Records for the exercise:
#####
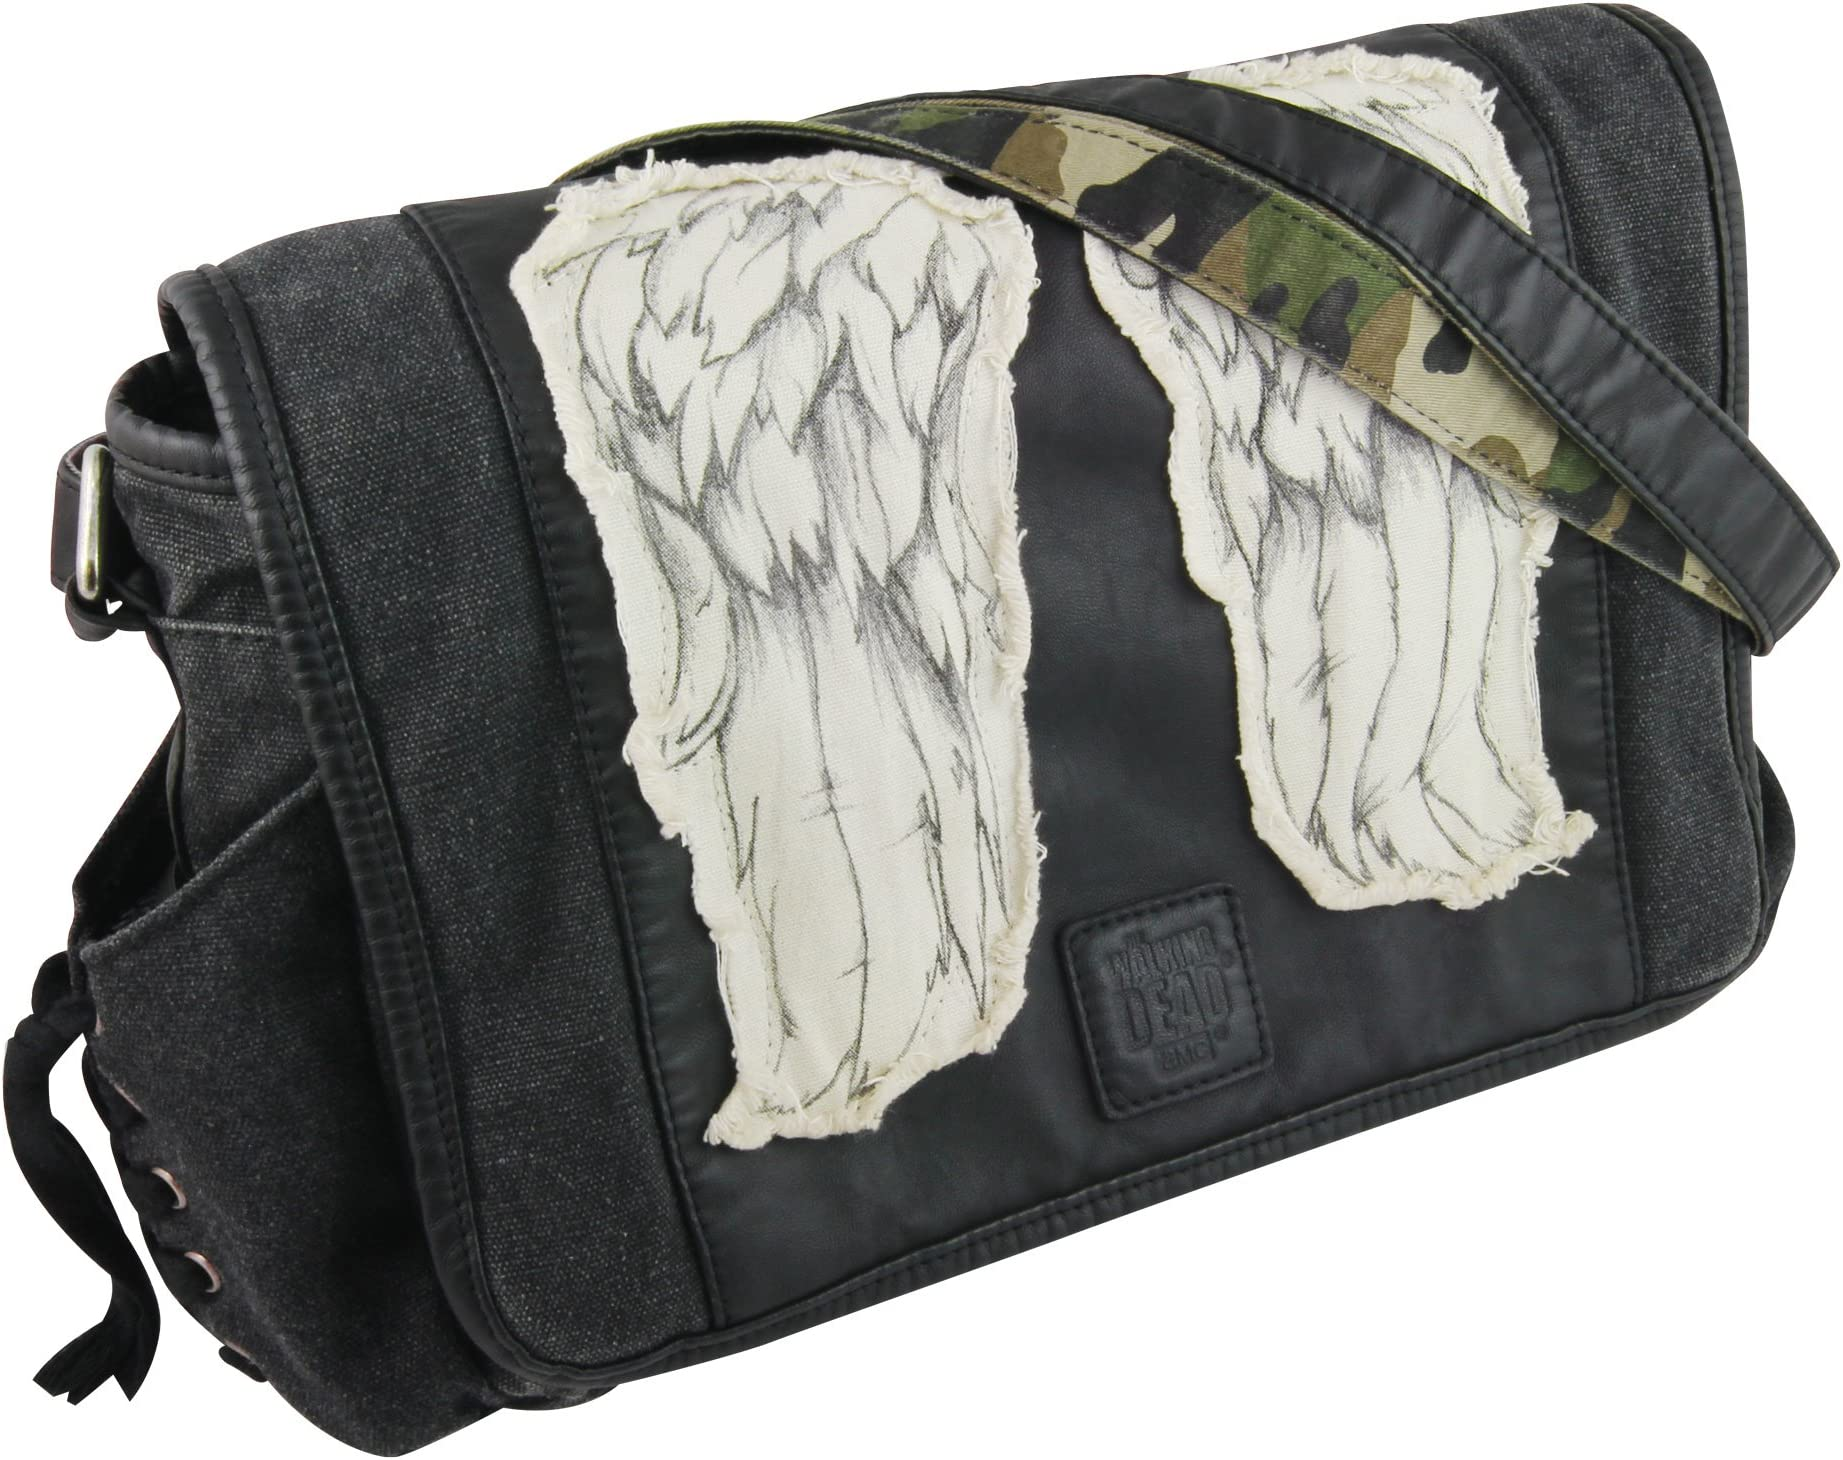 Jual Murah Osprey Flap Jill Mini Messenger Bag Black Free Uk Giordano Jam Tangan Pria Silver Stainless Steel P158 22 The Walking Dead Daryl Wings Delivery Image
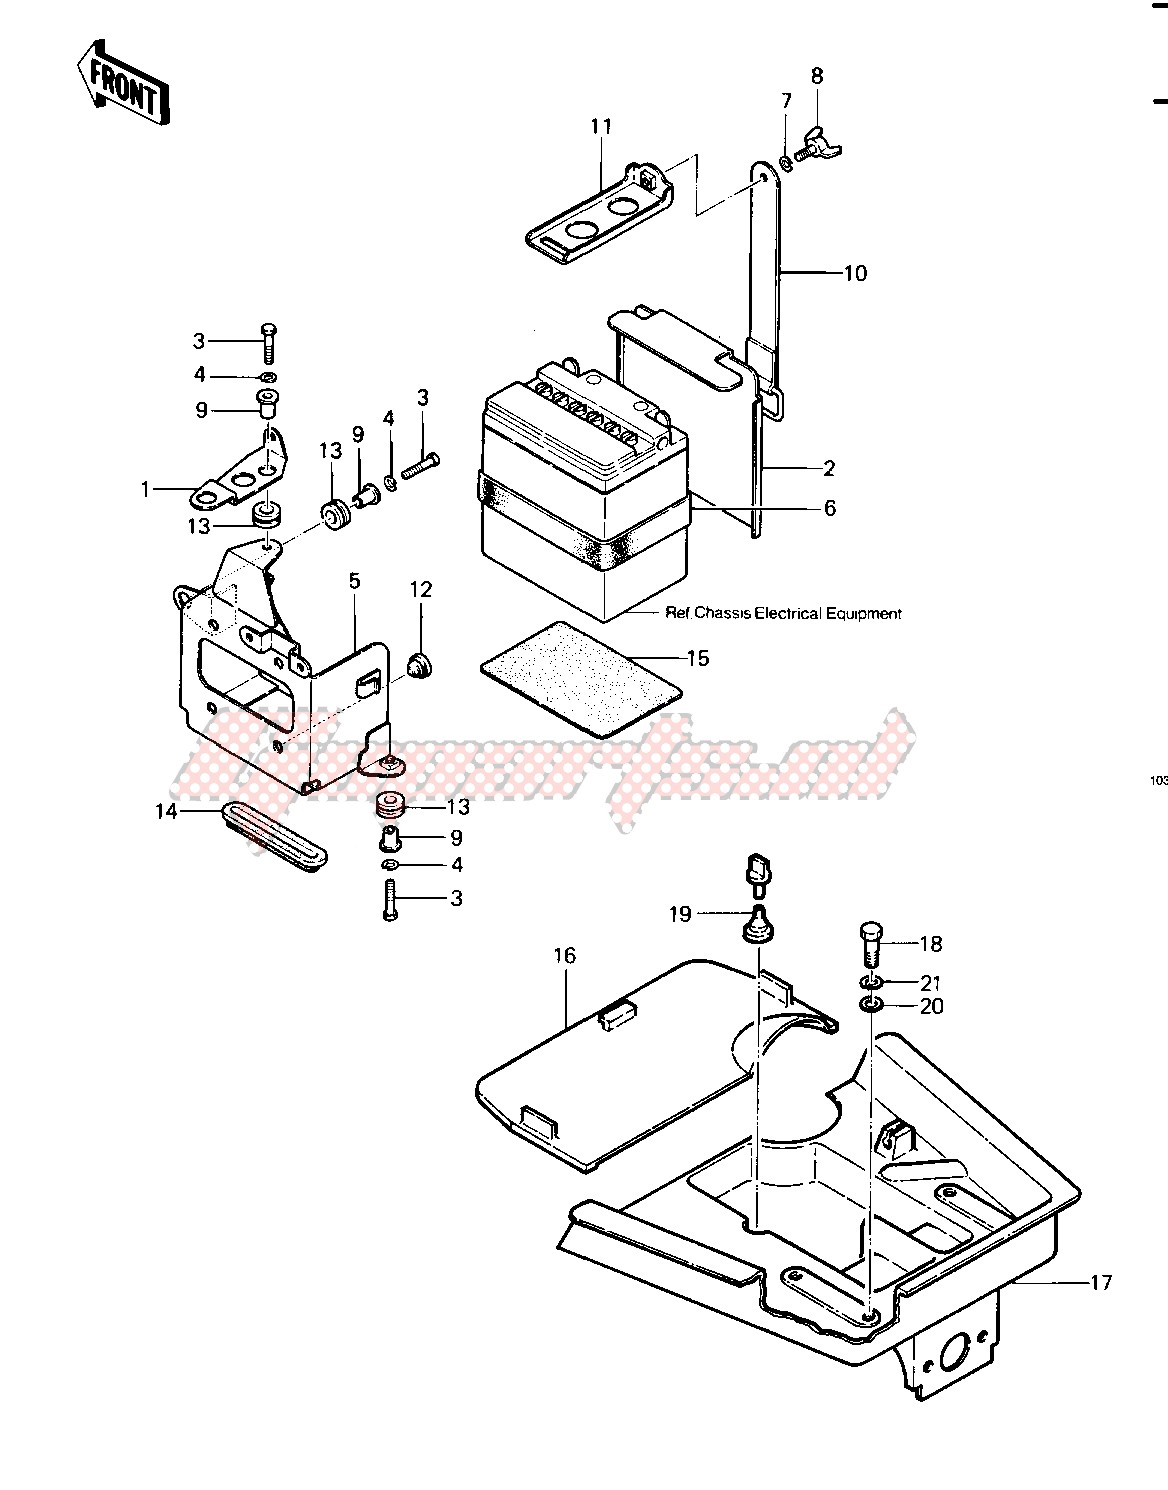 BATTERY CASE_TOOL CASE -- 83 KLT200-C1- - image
#####
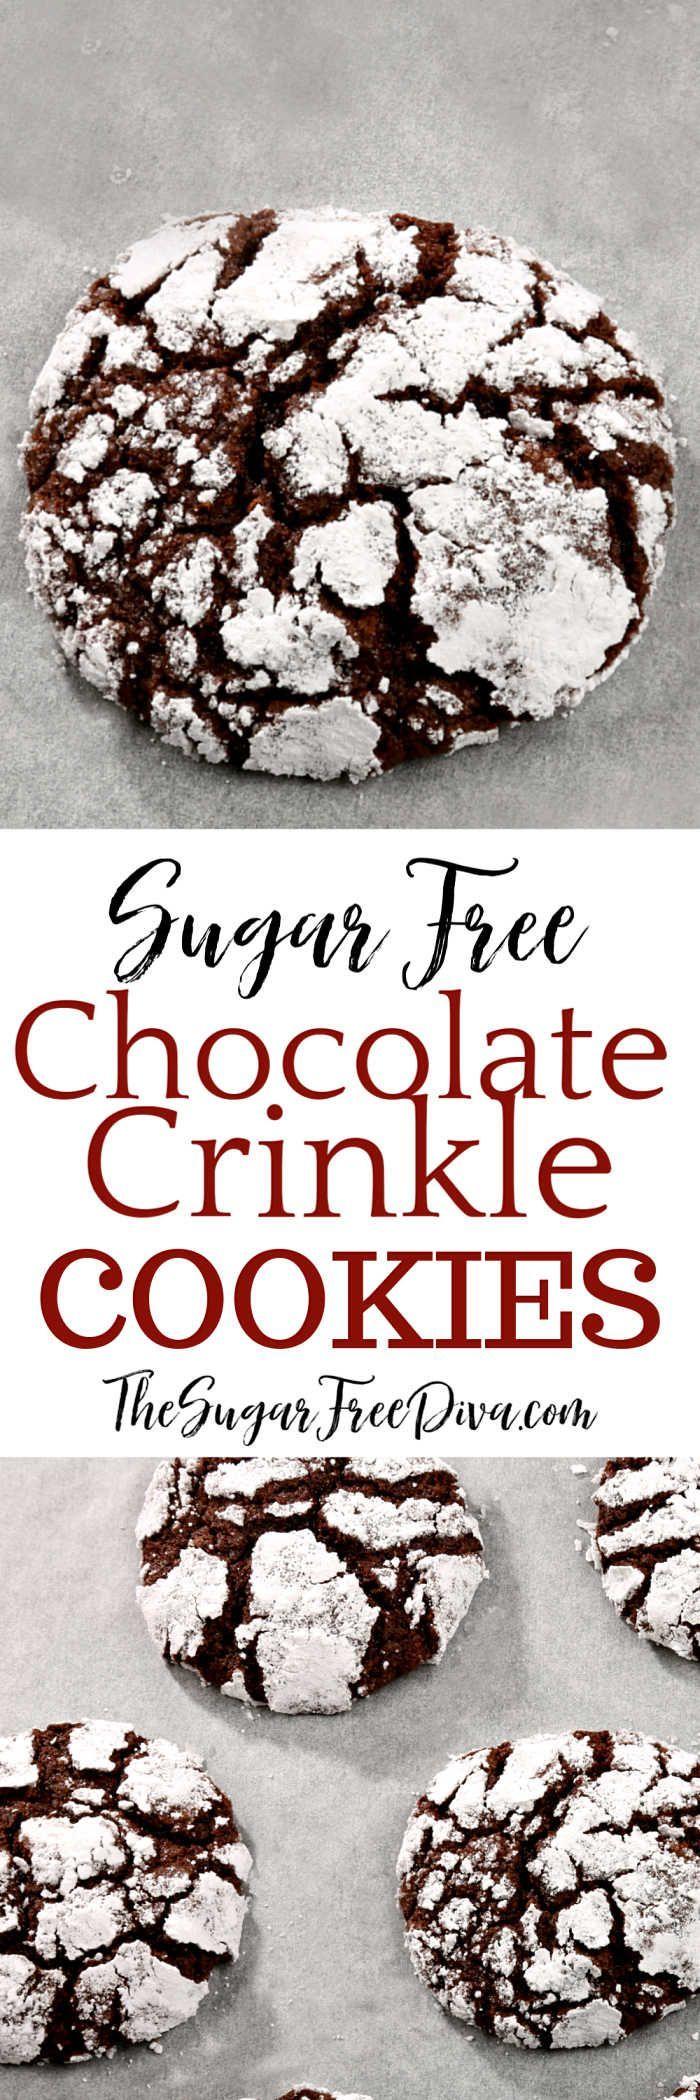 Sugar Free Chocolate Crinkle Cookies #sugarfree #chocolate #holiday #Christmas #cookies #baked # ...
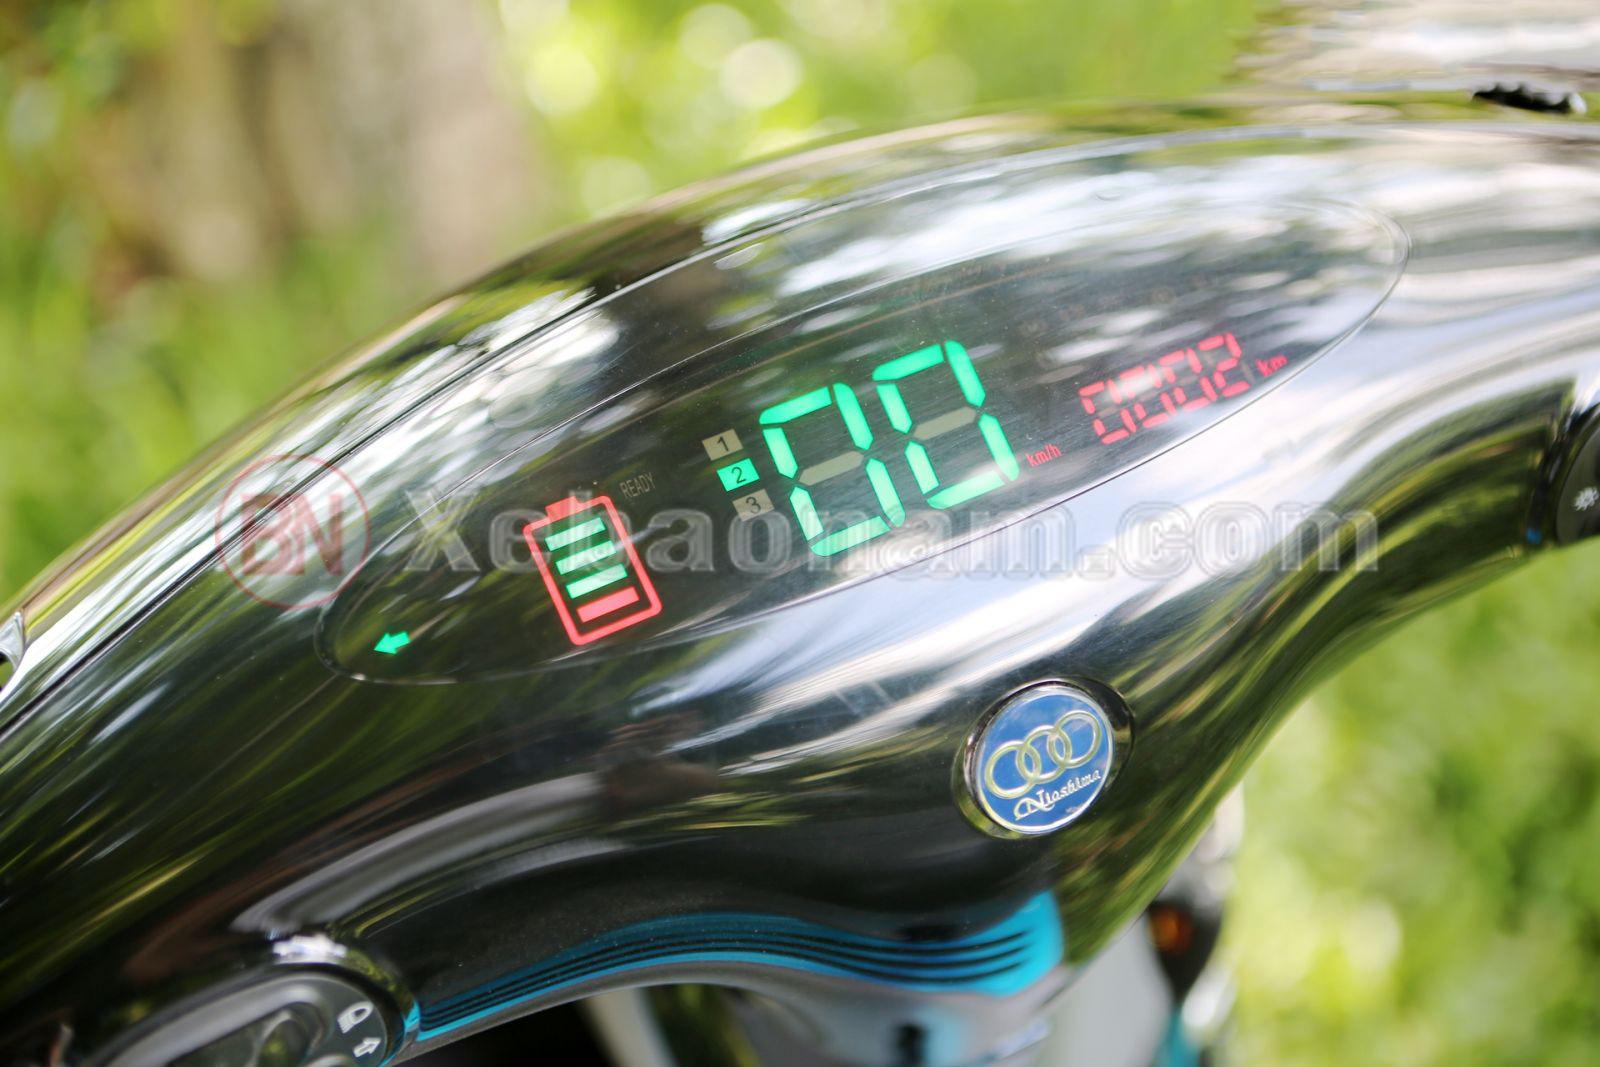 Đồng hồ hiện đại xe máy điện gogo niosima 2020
#####
Instructions to follow:
Your answer should consist of the lines above between those holding "Sugar Free Chocolate" and "Đồng hồ hiện", inclusive, reproduced word for word and without pictures.

Answer for the task:
 Sugar Free Chocolate Crinkle Cookies #sugarfree #chocolate #holiday #Christmas #cookies #baked # ...
 Đồng hồ hiện đại xe máy điện gogo niosima 2020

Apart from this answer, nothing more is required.